BCL-2 and CD33 Targeting
A different targeted approach involves agents like venetoclax, which inhibits the BCL-2 protein. BCL-2 helps cancer cells survive, and blocking it can trigger cell death. Venetoclax is often combined with low-dose chemotherapy drugs like azacitidine or low-dose cytarabine, particularly for older patients or those unable to tolerate intensive chemotherapy. Gemtuzumab ozogamicin is an antibody-drug conjugate that targets the CD33 protein found on most AML cells. This antibody delivers a chemotherapy drug directly to leukemia cells, reducing systemic toxicity.
Immunotherapy Approaches
Immunotherapy represents a distinct class of AML medicines that leverage or enhance the body’s own immune system to identify and destroy cancer cells. Unlike chemotherapy or targeted drugs that directly attack cancer cells, immunotherapy aims to empower the patient’s immune response. While successful in other cancers, its application in AML is continuously evolving.
Monoclonal Antibodies
One strategy involves monoclonal antibodies, which are laboratory-made immune proteins designed to bind to specific targets on cancer cells. Other monoclonal antibodies are being investigated that target different proteins on AML cells, such as CD123 or CD47, aiming to either directly kill the cells or block signals that protect them from immune attack.
CAR T-cell Therapy
Another area of research in AML immunotherapy includes Chimeric Antigen Receptor (CAR) T-cell therapy, which has shown promise in other blood cancers. This therapy involves extracting a patient’s T-cells, genetically modifying them to express CARs that recognize specific antigens on leukemia cells, and then reinfusing them. While CAR T-cell therapy for AML faces challenges due to shared antigens between leukemia cells and healthy blood-forming cells, ongoing research explores strategies like targeting multiple antigens to improve safety and efficacy.
Stem Cell Transplantation
Stem cell transplantation, also known as bone marrow transplant, is a potentially curative treatment for AML. This procedure involves replacing diseased bone marrow with healthy stem cells, relying on high-dose chemotherapy as a preparatory step.
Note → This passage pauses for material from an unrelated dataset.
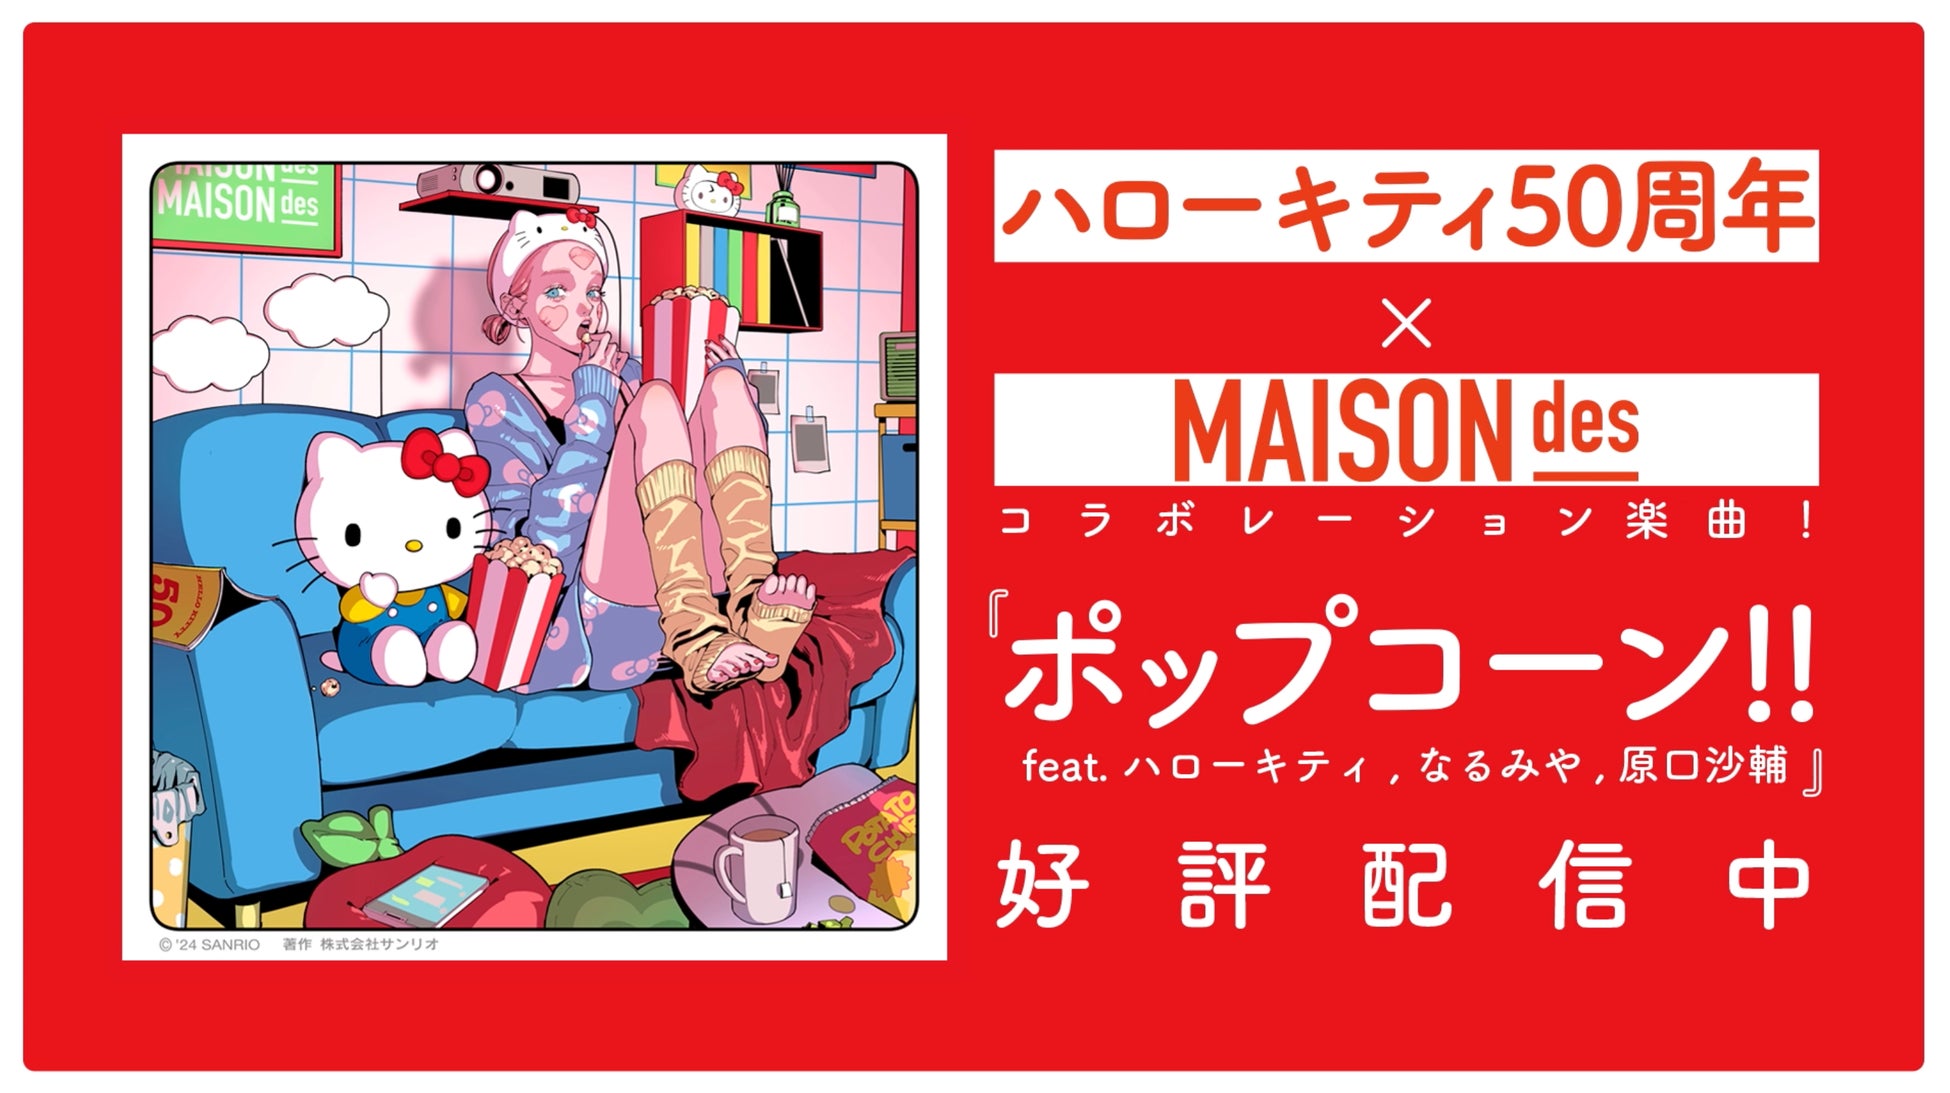 MAISONdesとハローキティのコラボレーション楽曲『ポップコーン!! feat. ハローキティ, なるみや, 原口沙輔』...
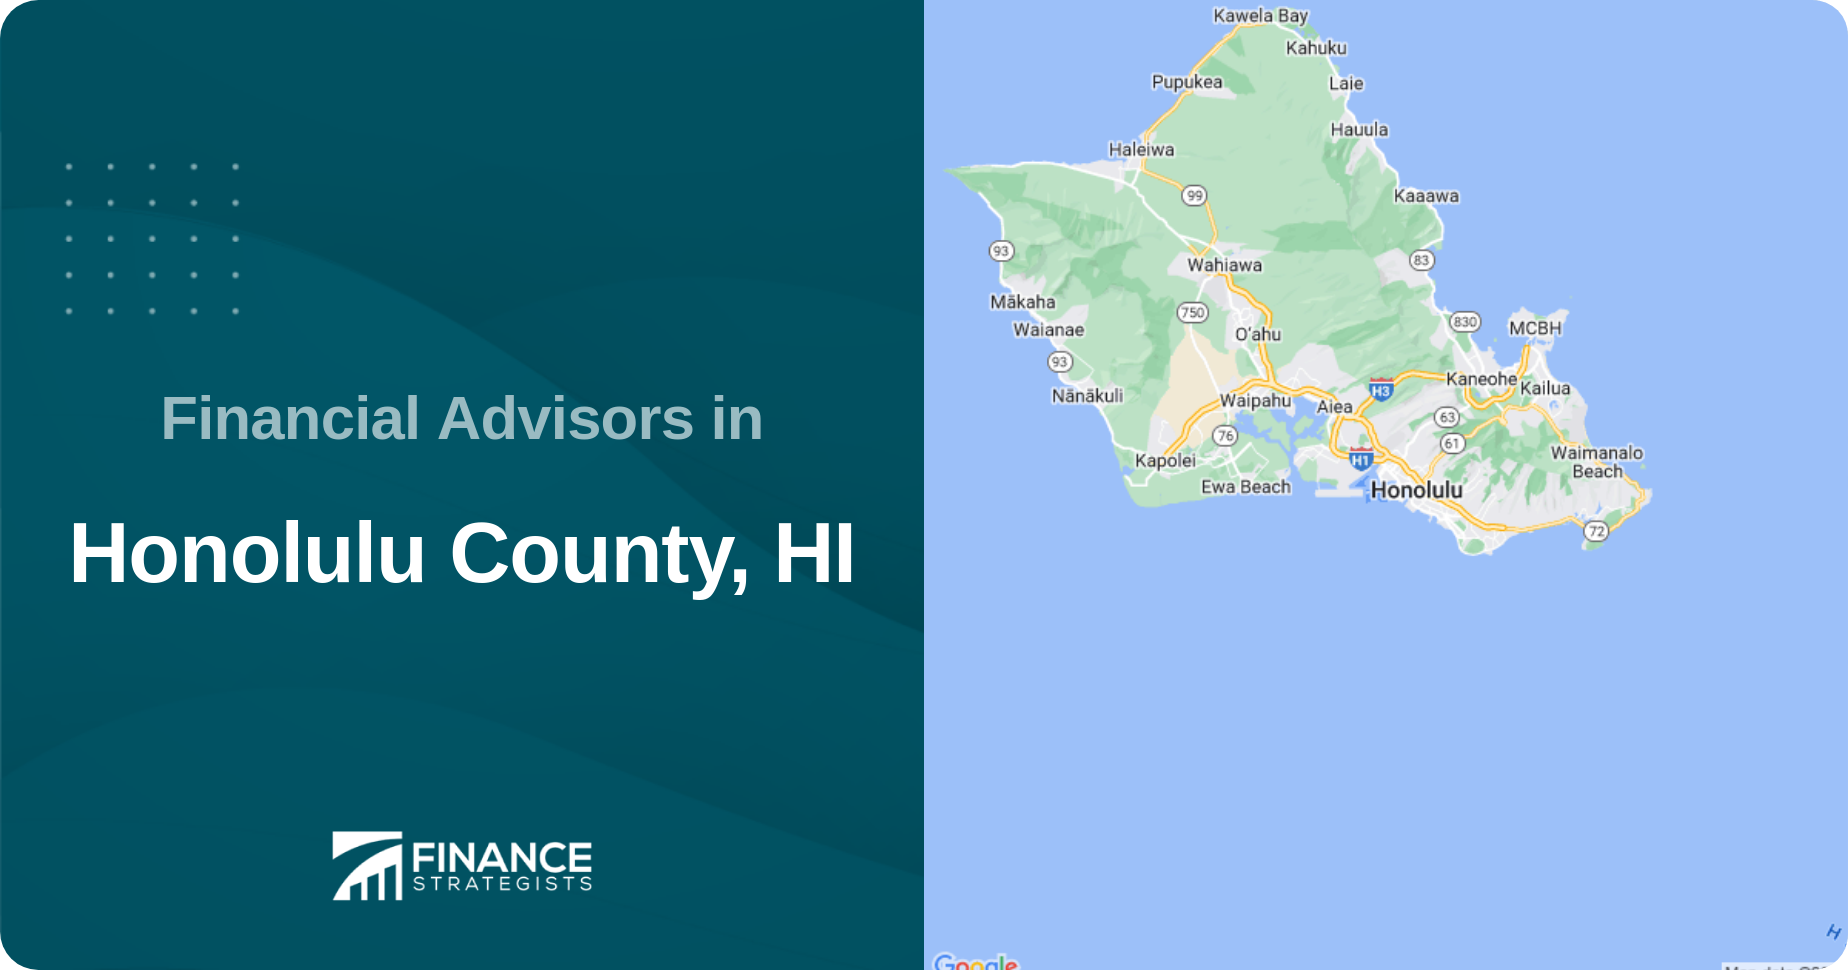 Financial Advisors in Honolulu County, HI

This intensive conditioning regimen eliminates remaining cancer cells and suppresses the patient’s immune system to prevent rejection of transplanted cells.
Conditioning Regimen
The conditioning regimen typically involves very high doses of chemotherapy, sometimes combined with total body radiation therapy, administered over several days. A common myeloablative conditioning regimen might include high-dose cytarabine along with other chemotherapy drugs like busulfan or melphalan. This aggressive treatment aims to destroy all existing bone marrow, including any residual leukemia cells. Younger and healthier patients are candidates for these intensive myeloablative regimens due to their ability to tolerate significant side effects.
Stem Cell Infusion
Following conditioning therapy, healthy blood-forming stem cells, usually from a matched donor (allogeneic transplant), are infused. These new stem cells travel to the bone marrow, where they engraft and begin producing healthy blood cells, effectively replacing the diseased marrow. In some cases, a “mini-transplant” or reduced-intensity conditioning regimen may be used for older or less fit patients. This involves lower doses of chemotherapy that suppress the immune system without completely destroying the bone marrow, allowing donor cells to establish a new immune system that can recognize and attack any remaining leukemia cells, a phenomenon known as the graft-versus-leukemia effect.